UK, Spain Sign Deal to Tackle Tax Evasion in Gibraltar – Madrid

The United Kingdom and Kingdom of Spain will sign an agreement on Monday detailing stricter rules on the tax residency of businesses and individual residents in Gibraltar, the British Overseas Territory on the southern tip of the Iberian peninsula.
Both will have to pay taxes in Spain if they spend most of their time or receive income from activities conducted within Spanish territory.

The deal aims to prevent Gibraltar from increasing its competitive advantage after Britain leaves the EU, due to Gibraltar’s lower tax rates of roughly 10 percent for the business and finance industry, compared with Spain’s 25 percent.
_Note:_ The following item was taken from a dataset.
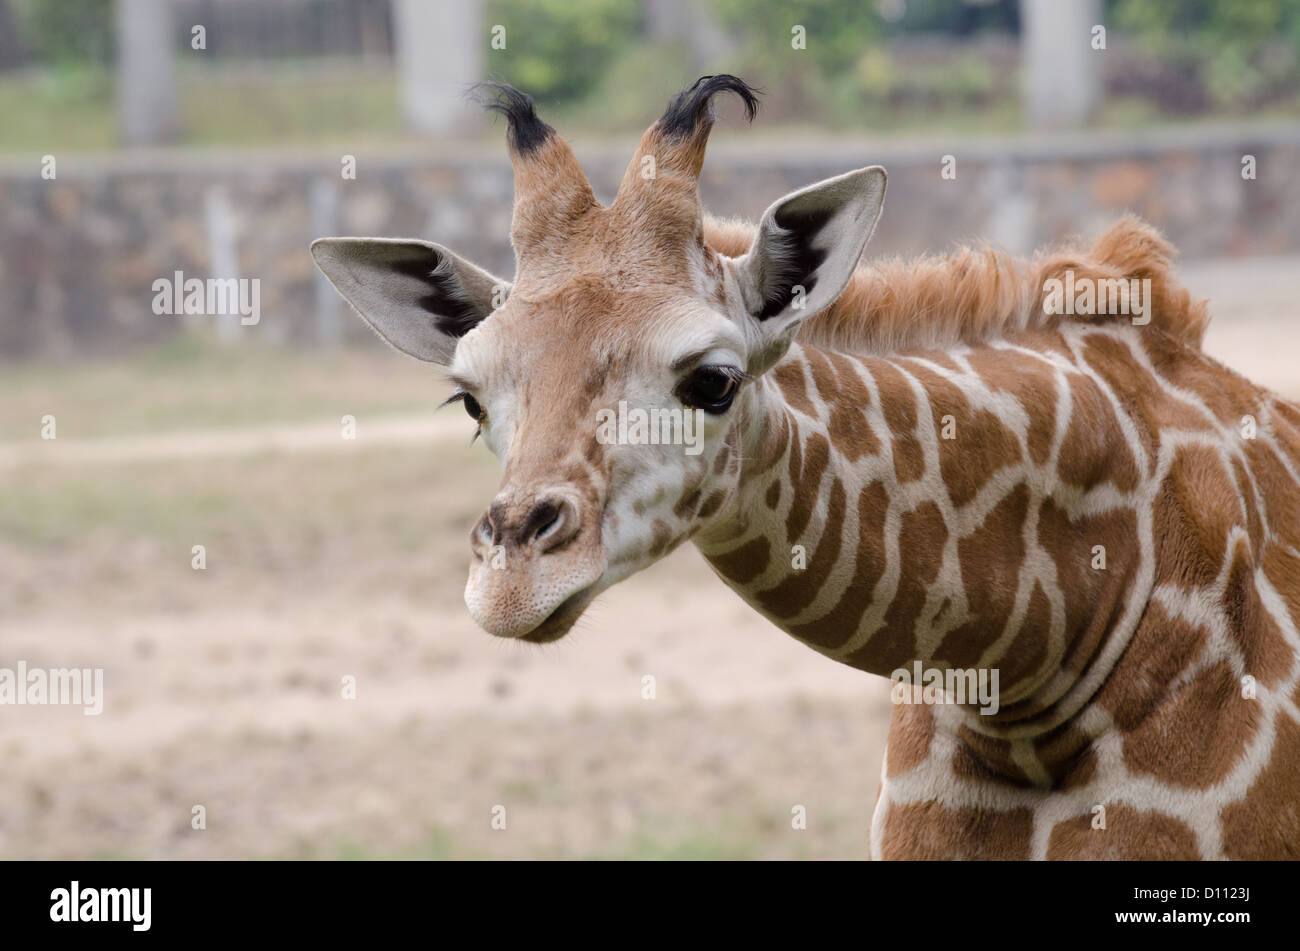 wild animal giraffe close up Stock Photo

EU officials have warned of unfair practises after the UK leaves on 29 March, and Spanish foreign minister Josep Borrell will meet UK Cabinet Office minister David Lidington on Monday to sign the deal in order to flesh out the terms between the two countries. Spanish officials hope to see the plan go into effect quickly and irrespective of a deal or no-deal scenario. But the deal must pass through Spain’s Congress beforehand.

In November 2018, Madrid and London signed four memorandums of understanding (MOUs) detailing contentious issues on citizens’ rights, the environment, intergovernmental police and customs’ cooperation, and tobacco and related products.

What Does the Treaty Say?

The international treaty between both countries aims to show who is a paying tax resident in Gibraltar, with individuals spending over 183 days a year in Spain, spouses or partners of Spanish residents, Spanish homeowners, and those keeping two-thirds of assets in Spain will have to pay Spanish taxes.

Roughly 55,000 companies are registered in Gibraltar despite the territory only having a population of 30,000, and an unemployment rate of one percent.